Because Mokhtar was such an incredibly detail-oriented and attentive interviewee and because the vast majority of the events depicted in the book had happened in the months before we met and began interviews, it was [reported as non-fiction]. All of the larger political context, whether it was a bombing in Ibb, or whether it was a Houthi take over of Sa’dah, all of these other corollary political events took place parallel to his work.

All of these are part of the historical record. And so between the recentness of all the events and the incredible volume of other reporting done, it was relatively easy to confirm the veracity of all the events, the timing. And because Mokhtar is such an active documenter of his life, whether via Facebook, email, or WhatsApp, we were able to find and use countless pages and photos and entries—really everything from social media—and get events down to the minute in many cases. I was lucky to work with a really incredible amount of source material and ways to confirm all of the timings and dates and events to take.

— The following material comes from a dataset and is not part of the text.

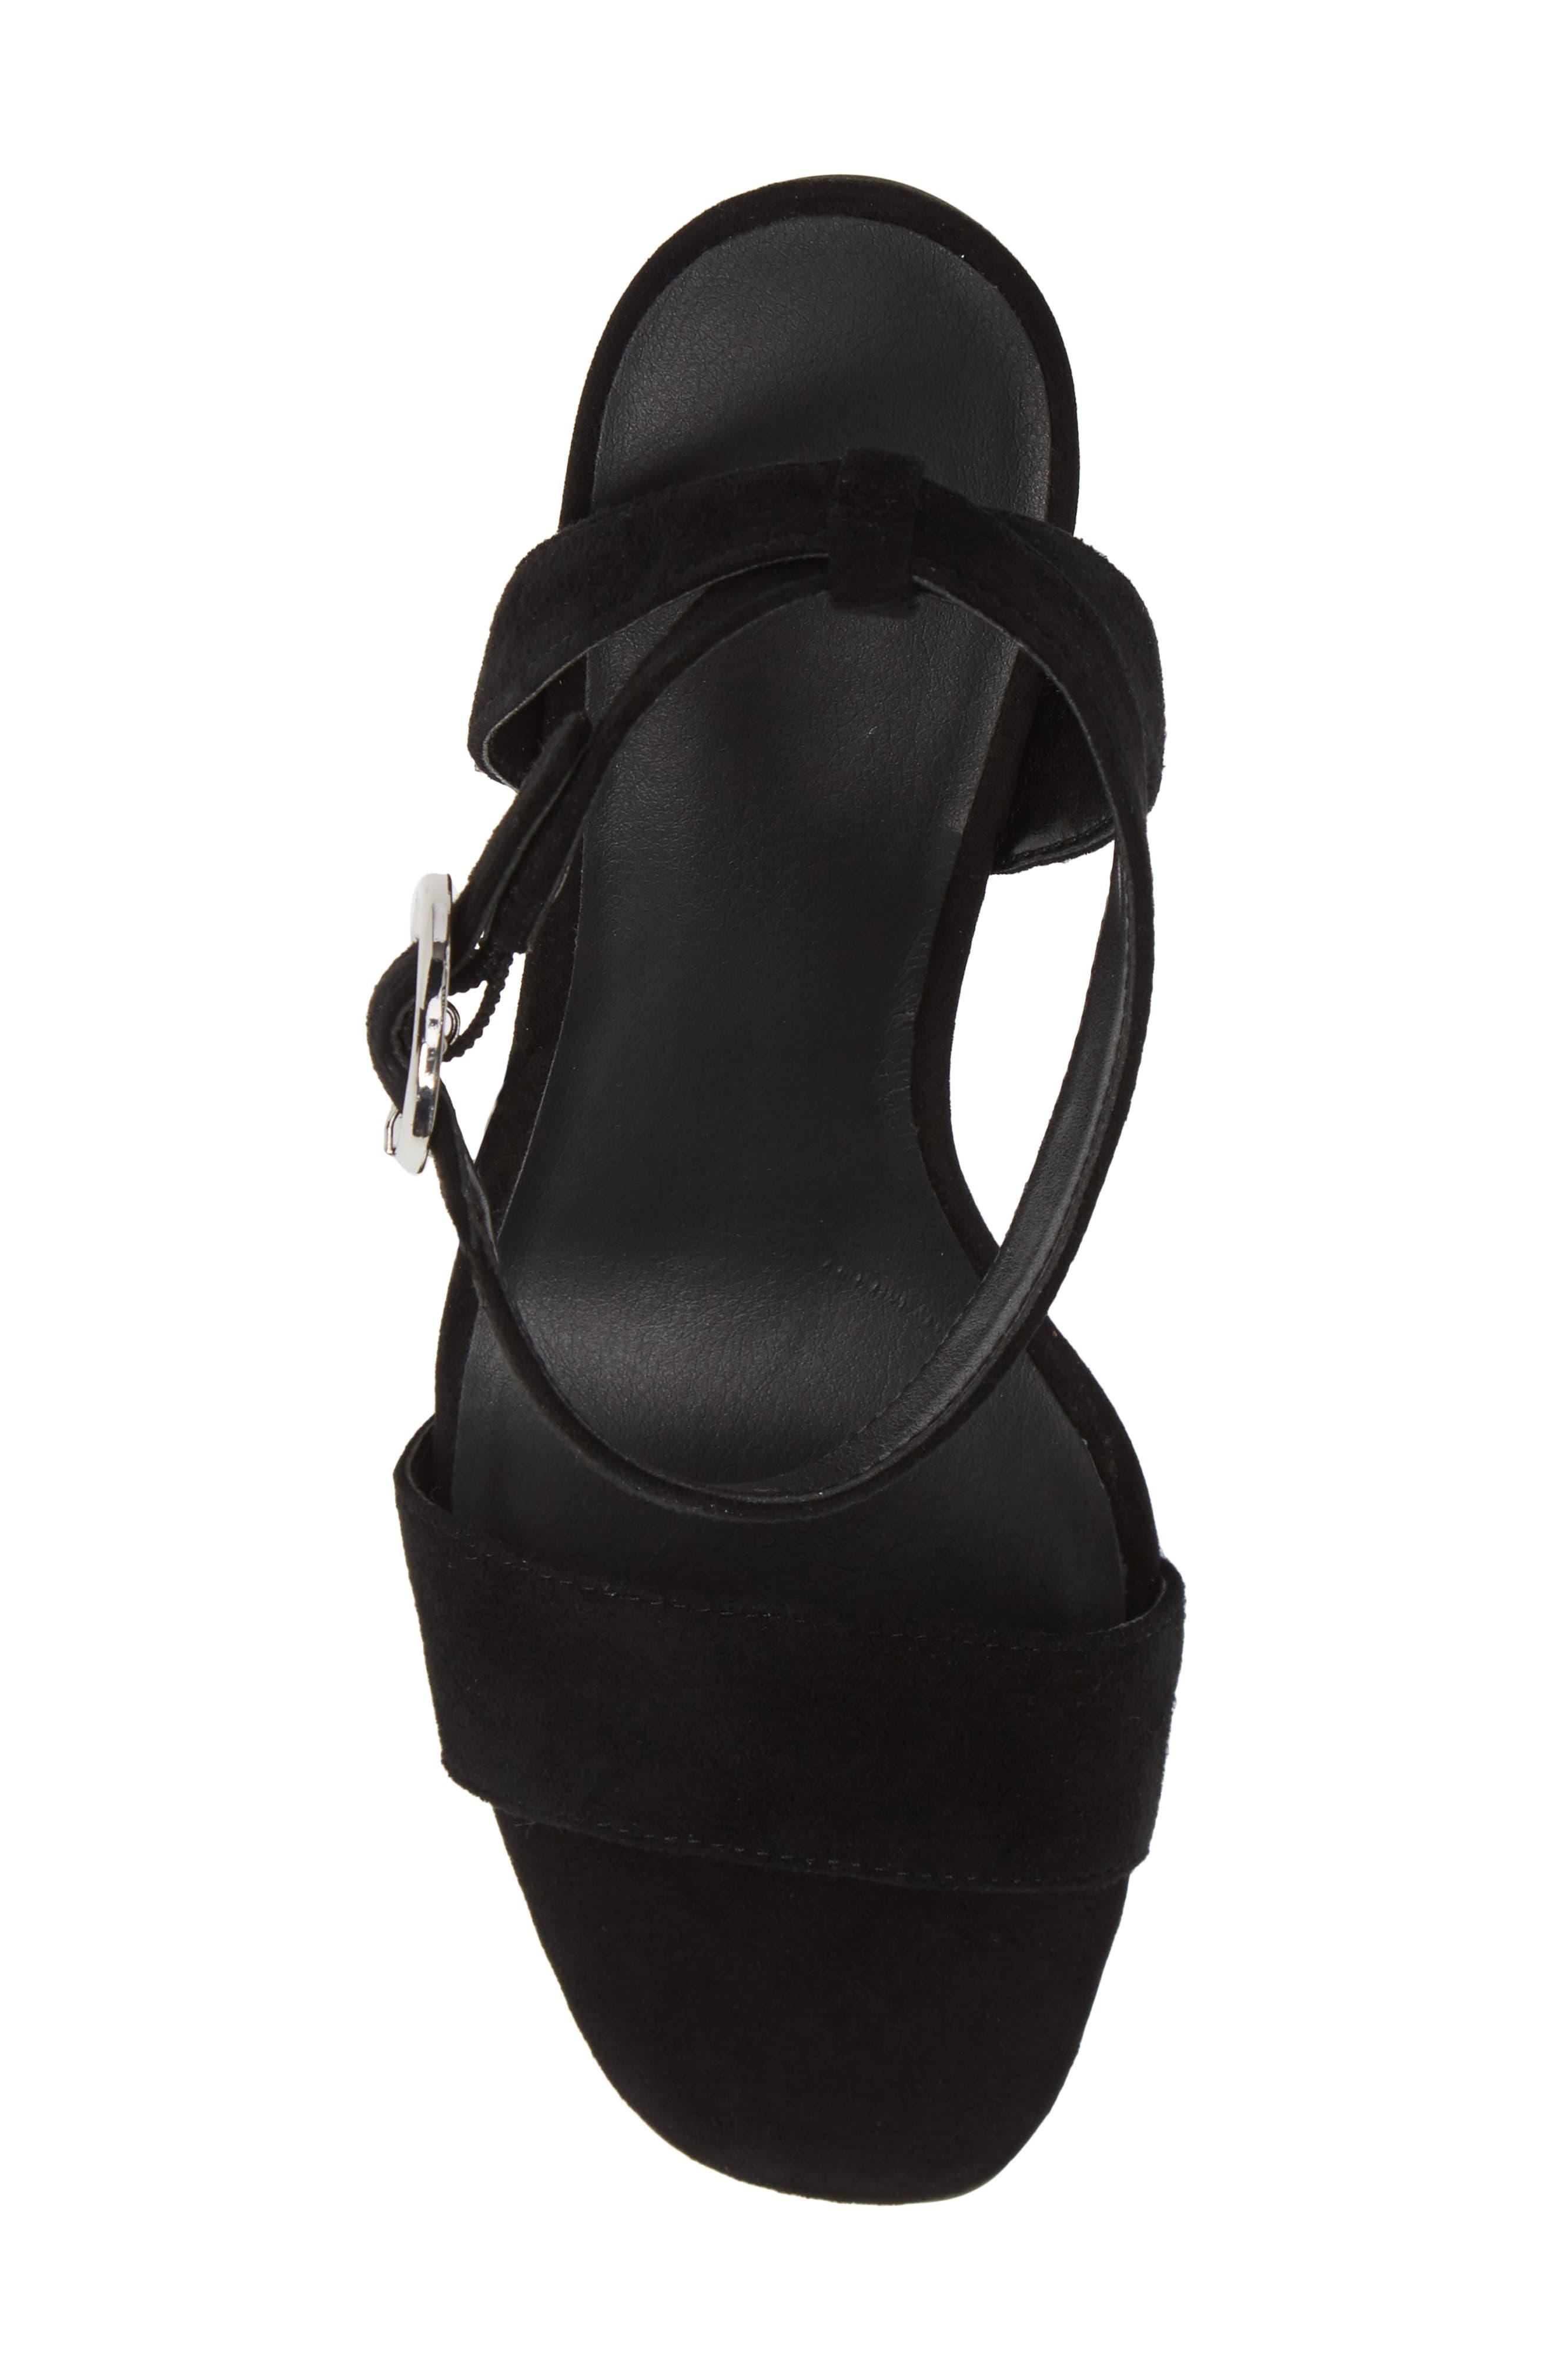 Cleo Cone Heel Sandal,                             Alternate thumbnail 5, color,                             BLACK SUEDE
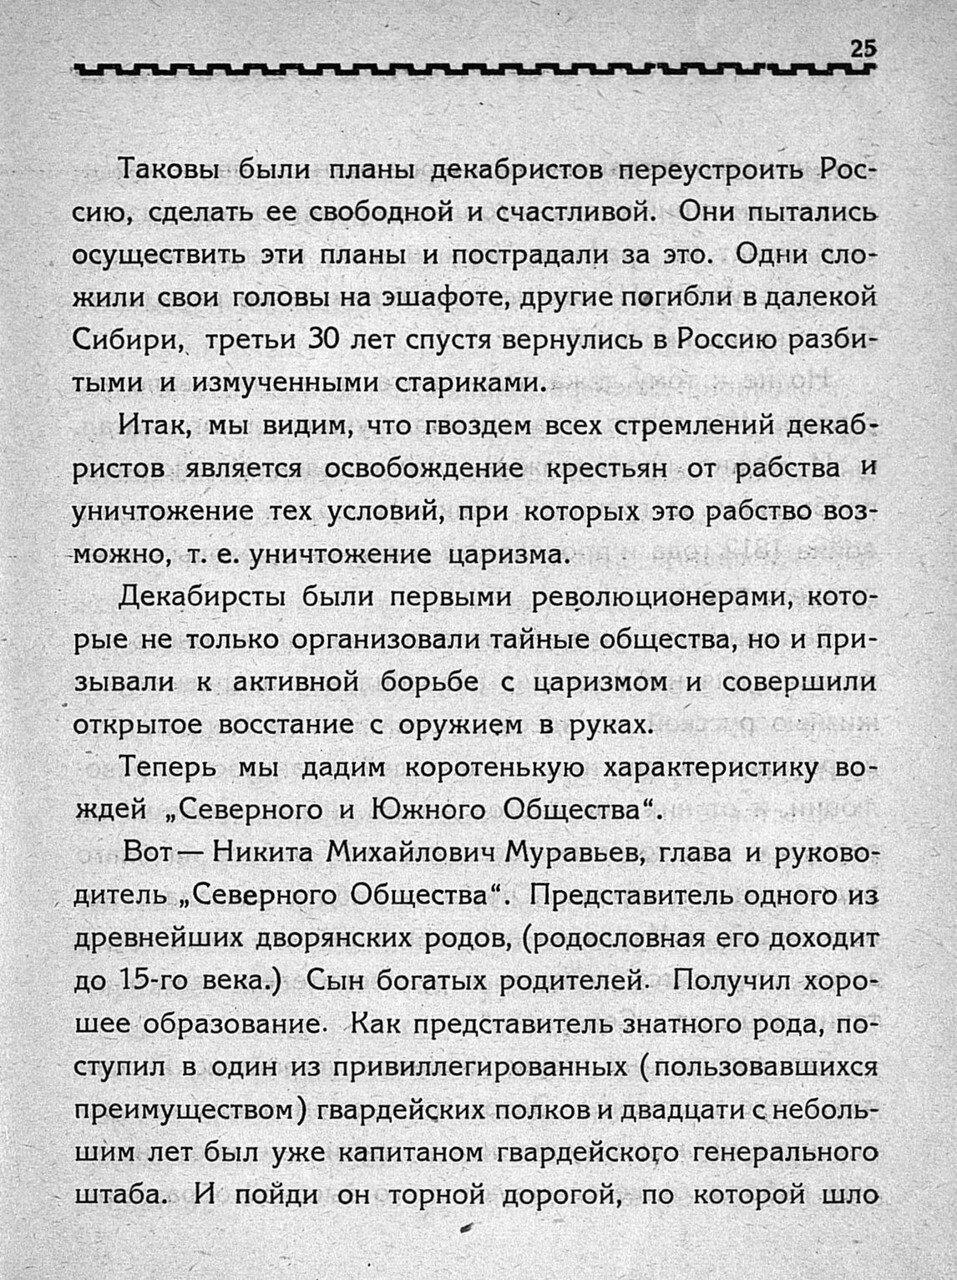 https://img-fotki.yandex.ru/get/96770/199368979.23/0_1bfadd_178624fa_XXXL.jpg

Michelman: Mokhtar, I’m curious to ask you once you knew that Dave had come on to the project and that it was happening, did you have to keep it quiet or were able to talk about it with other people in your life? Were you able to tell people, you know, “Hey—Dave Eggers and I are hanging out and he’s writing a book about me.”

Mokhtar Alkhanshali: I mean, actually when the news finally came out, I felt bad because there were a few people I could only tell this to recently. And so I didn’t tell anybody, I just kept it quiet. I’ll give you an example. There was a Q course that Jodi [Wieser, of Gather Coffee Company] was taking at Boot. Dave was at that Q course with me, hanging out in the back, and Jodi had no idea he was there the whole time. She never knew until months later. She came to me and said, “Oh my God, I can’t believe I just found out Dave Eggers wrote a book about you.” And I’m like, “Gee, remember that time you were taking the Q course, that guy in the back taking notes?”

She’s like, “Yeah.”

“That was Dave Eggers.”

She said, “Shut up.” [laughs] But in terms of telling people, I just didn’t, really. For me I had a lot of things to work on—myself, my company—and I just didn’t want to add to anything else besides that. Dave and I thought it would be best that way. Just keep things super quiet, especially as a journalist and a writer, be able to do things more effectively and it was that way for a long time.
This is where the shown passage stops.